Vasiliy_Kuznetsov · July 11, 2022, 1:48pm

Your example should work if you remove the prepare_custom_config.set_input_quantized_indexes([0]) line. You are passing in images which are tensors with dtype float32, so there isn’t a need to specify that your model input is quantized.

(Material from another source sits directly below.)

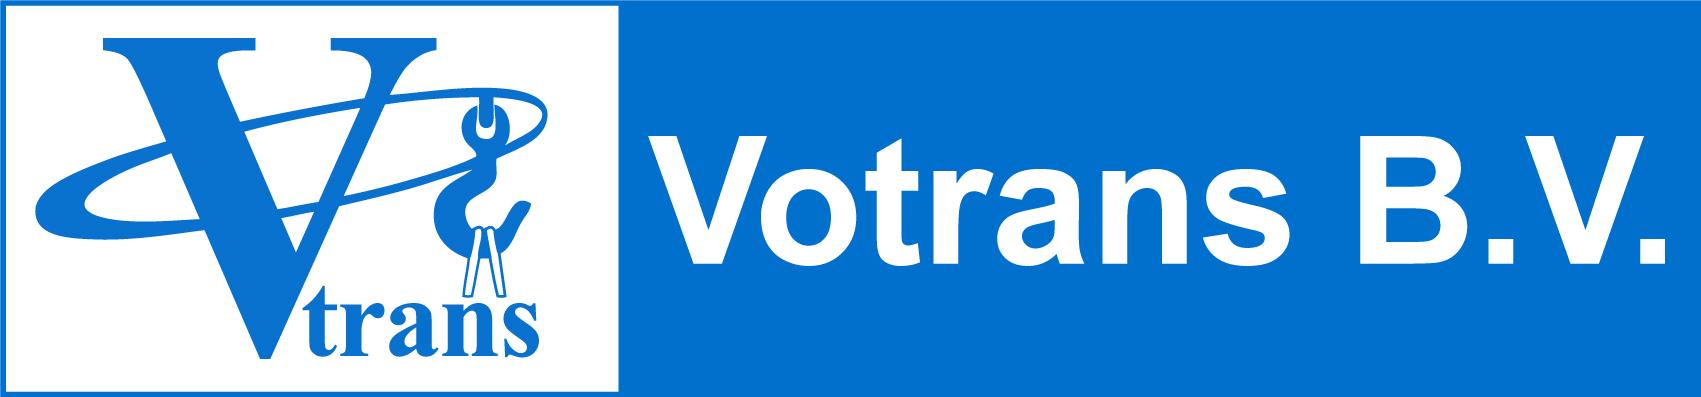 http://votrans.nl/wp-content/uploads/2016/07/Votrans-logo-blauw.jpg
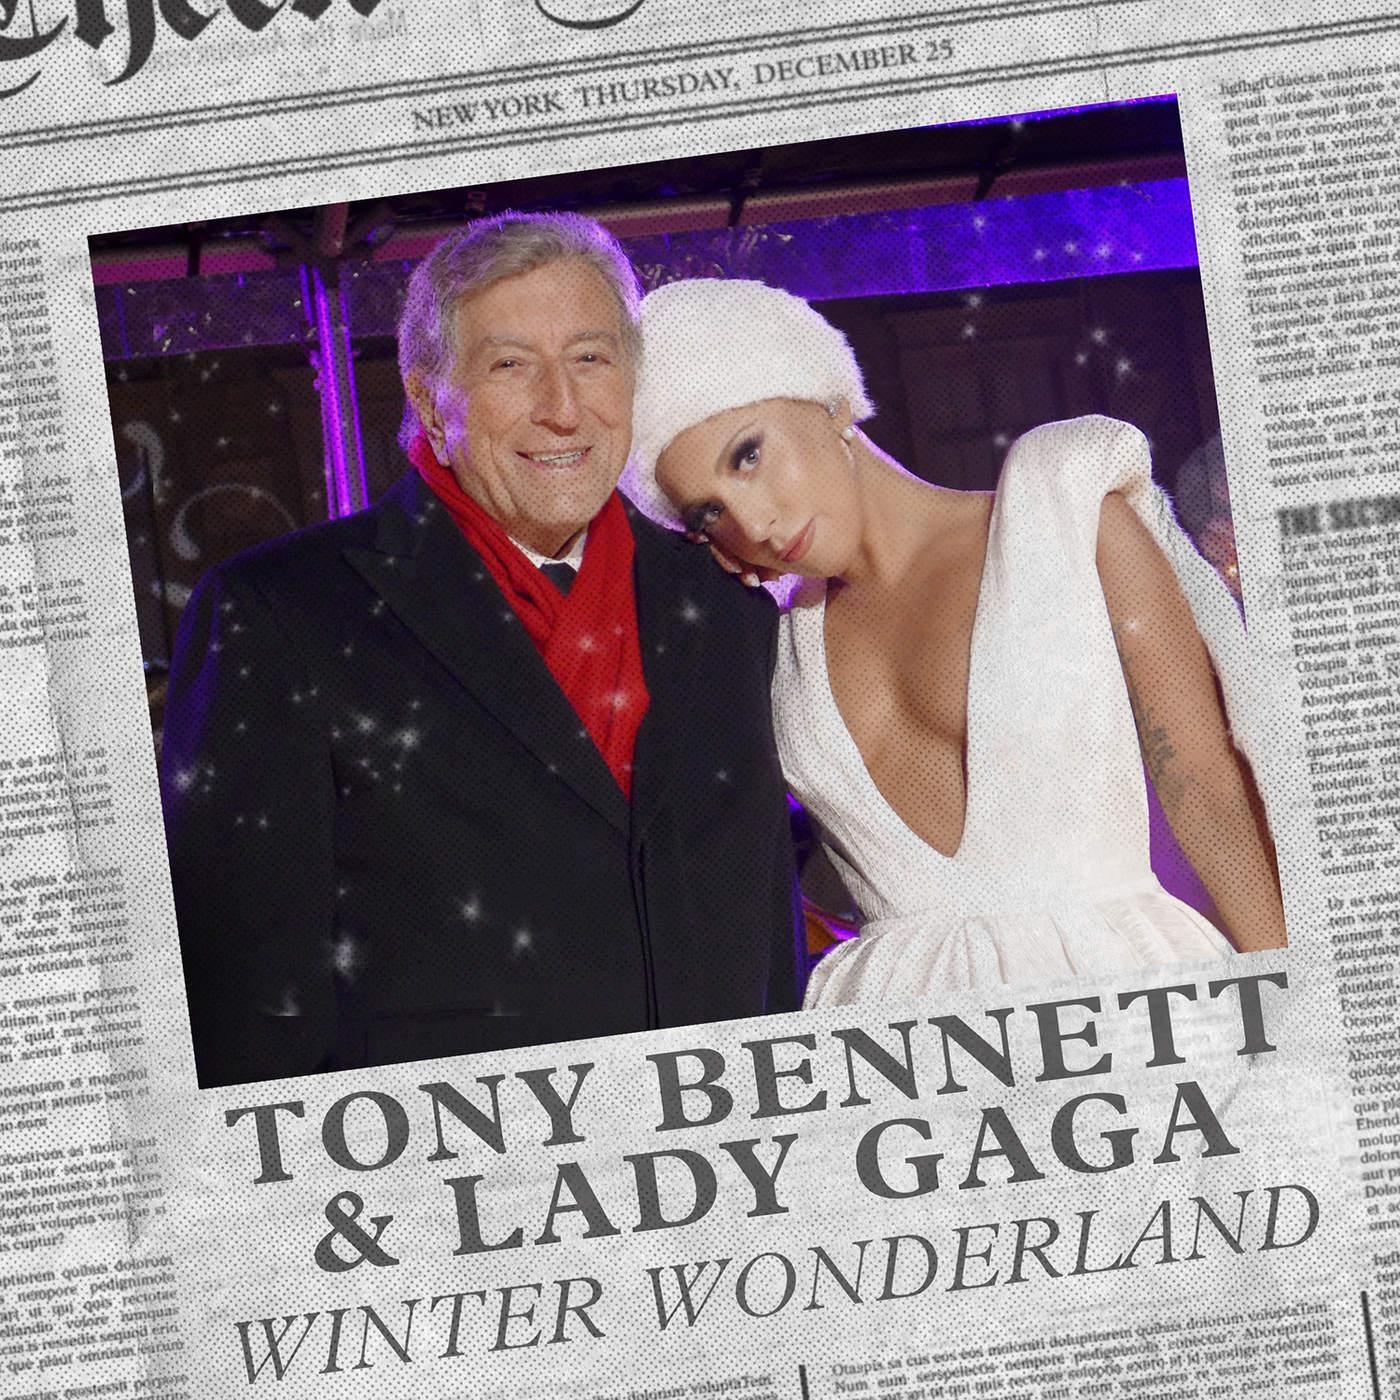 Winter Wonderland (song)

If you set prepare_custom_config.set_input_quantized_indexes([0]), you are telling the workflow that you intend to pass in tensors with dtype torch.quint8. This is an extra optimization for the cases where the input tensors coming into the model are already quantized, which does not seem to be the case in your example.

timosy · July 12, 2022, 12:33am

Thanks for the advice, certaintly, it worked when I commented out both “set_input_quantized” and “set_output_quantized”.

But, actually, what I’d like to test was to test whether inference speed gets fast with “input data of int + model of int8” or not. A test with “input data of float + model of int8”, which is genral usage, is not what I’d liek to test…

To test the formaer one, I put “set_input_quantized” in the option. What I had to do was conversio of float32 to torch.quint8 of data?

Billy_Hsueh · February 29, 2024, 2:13pm

Does a model using eager mode for QAT have similar functionality?

Currently, I have a quantized model where image inputs are normalized from [0, 255] to [0.0, 1.0], and then quantized to [0, 18] (scale: 0.05404205247759819).

Is there any way to ensure that the input tensor is quantized to [0, 255]?